Friday, 8 October 2010

My Top Ten List - Number 10

Well, here it is; let the bells ring and the banners fly. This post will cover one of my All-time Top Ten favourite books. A bit of a explanation first as to how I chose them. I would say that my top five were relatively easy. But in my Top Ten, I initially had 15 or so books. In general, I chose books that were timeless to me; books I can pick up at any time and read with complete enjoyment. Some, and here I'm probably talking mostly about the top five or six, I've read a few times. Others I may only have read once, but they did have quite an impact on me; books I can recall fairly easily, also books that I've enjoyed in other formats such as movies.

Looking at my list, I do have a preponderance of science fiction, but that has always been one of my favourite styles of literature. I'll maybe talk more about sci-fi in future blogs, but sci-fi, at its best, can be all-encompassing, from the most exciting adventures on far flung planets to discussion of personal and current worldly issues and finally to true scientific issues. But at this point I'm digressing as my first book is not sci-fi. The choice of making this story number ten might be somewhat arbitrary as I'm only really sure which make up the top three or four. But be that as it may, it's a good starting point.

Barbara Tuchman is a prominent historian who won the Pulitzer Prize for my number Ten book, The Guns of August.  The book was initially published in 1962 and according to the Foreword of this edition was an immediate success; which isn't surprising to me at all.

I had reread this novel recently as my good wife got it for me for Xmas 2009. As I was making up my Top Ten list, I tried to remember the first time I read The Guns of August.

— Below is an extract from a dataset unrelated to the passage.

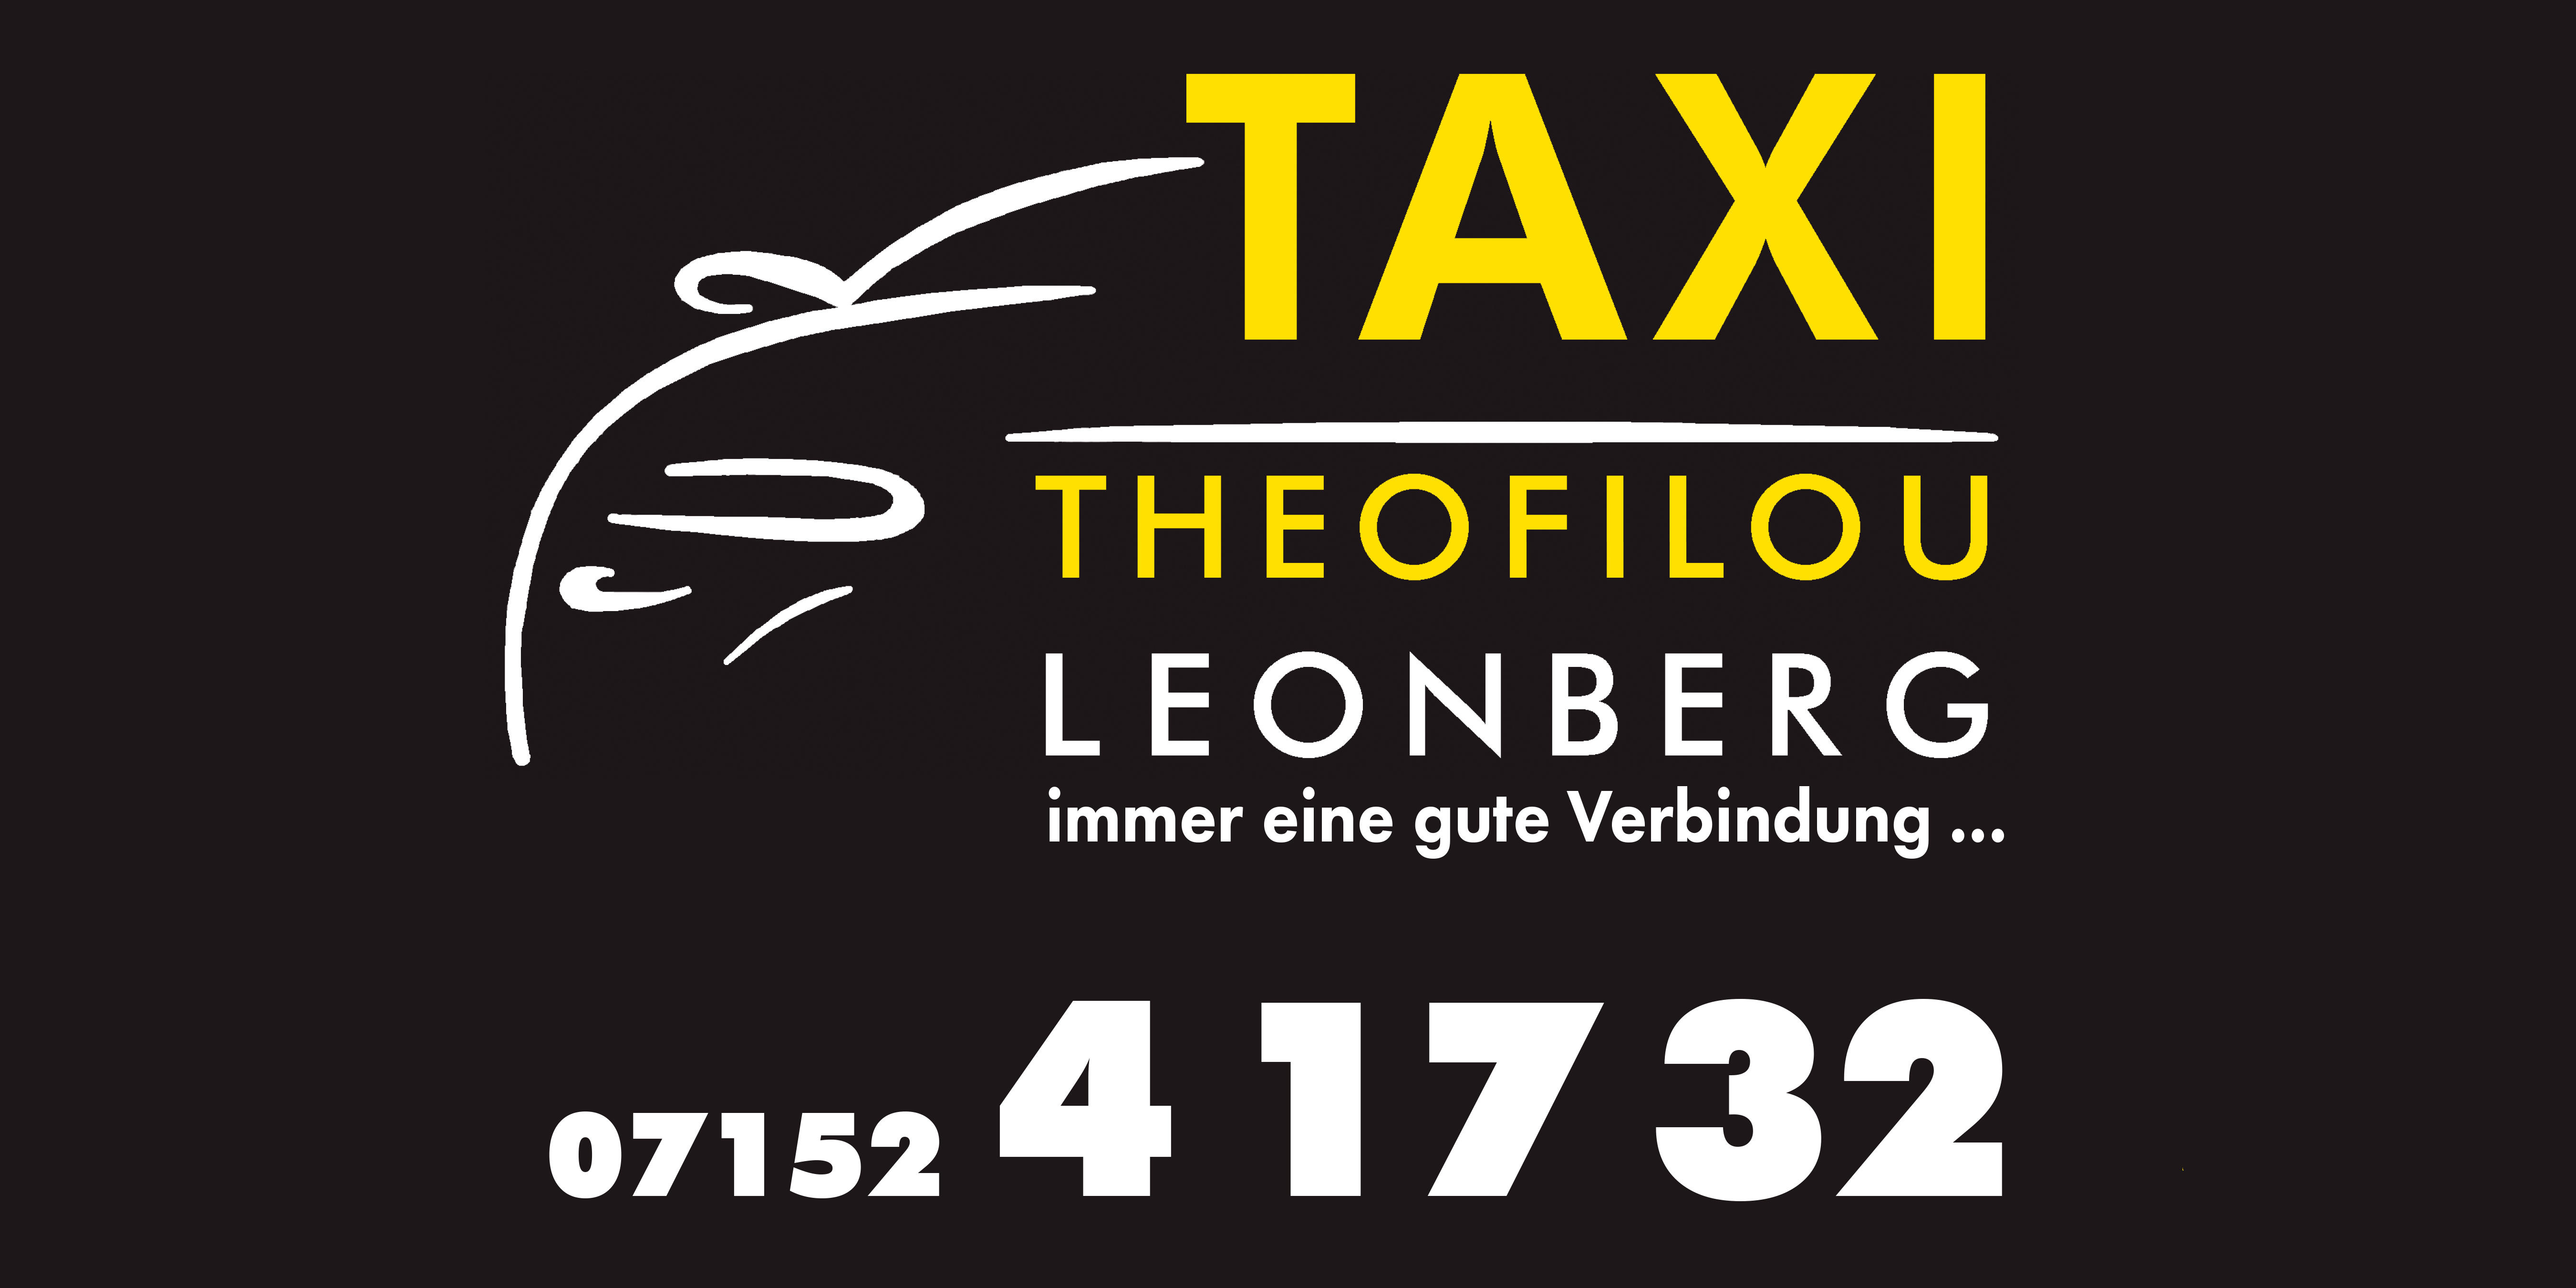 Kundenbild groß 2 TAXI Theofilou Leonberg

I want to say it was when my father was stationed in Chatham, New Brunswick in the 1960's and that I got it from the base library. It was a place I loved to frequent, browsing the shelves for interesting looking books.

However, it is possible that it was in Grade 9, while we were in Lahr, Germany, 1971. I was a member of the Library club (yup, you've got it; I was a bit of a geek) so had even more ready access to the books there and took full advantage of the library.

At any rate, the book was fascinating. Briefly, it covers the first month of WWI. It details the declaration of war and ends with the stop of the relentless advance of the German army through Luxembourg, Belgium and France, by the Franco-English alliance.

Barbara Tuchman turns these events into a tense, exciting story. She details the negotiations between France and England to try and get England into the war. It covers the brave defence of Belgium as they wait fruitlessly for assistance from England and France. She covers the main personalities of the war on both sides, making them interesting and real and often covers minute details and events that make you feel as though you are in the action. The story held my attention when I read it so many years ago, back in the late 60's and once again when I read it in early 2010.

Whether you enjoy history or not, this is a must read as it provides an excellent perspective of these critical events that culminated in the 'War to End all Wars'. Having read the story once again, it's made me interested in reading others of Barbara Tuchman's histories, especially The Zimmerman Telegram which deals with an incident between Germany and Mexico in 1917 and was an influence in provoking the US entry into WWI.

History was never my favourite subject in school. In fact, at the first opportunity, when I had more choice in the subjects I could take, I dropped it. However, books like The Guns of August and others, e.g. Vimy by Pierre Berton, Paris 1919 by Margaret MacMillan, The Meaning of Everything by Simon Winchester, etc. have held my interest and made the past come alive. I plan to discuss in more detail some of the historic novels that grabbed my attention in future Blogs.

But to summarize, if you want to read about and feel the events that led up to the initial invasion of France by the German army in August 1914, start with Barbara Tuchman's The Guns of August.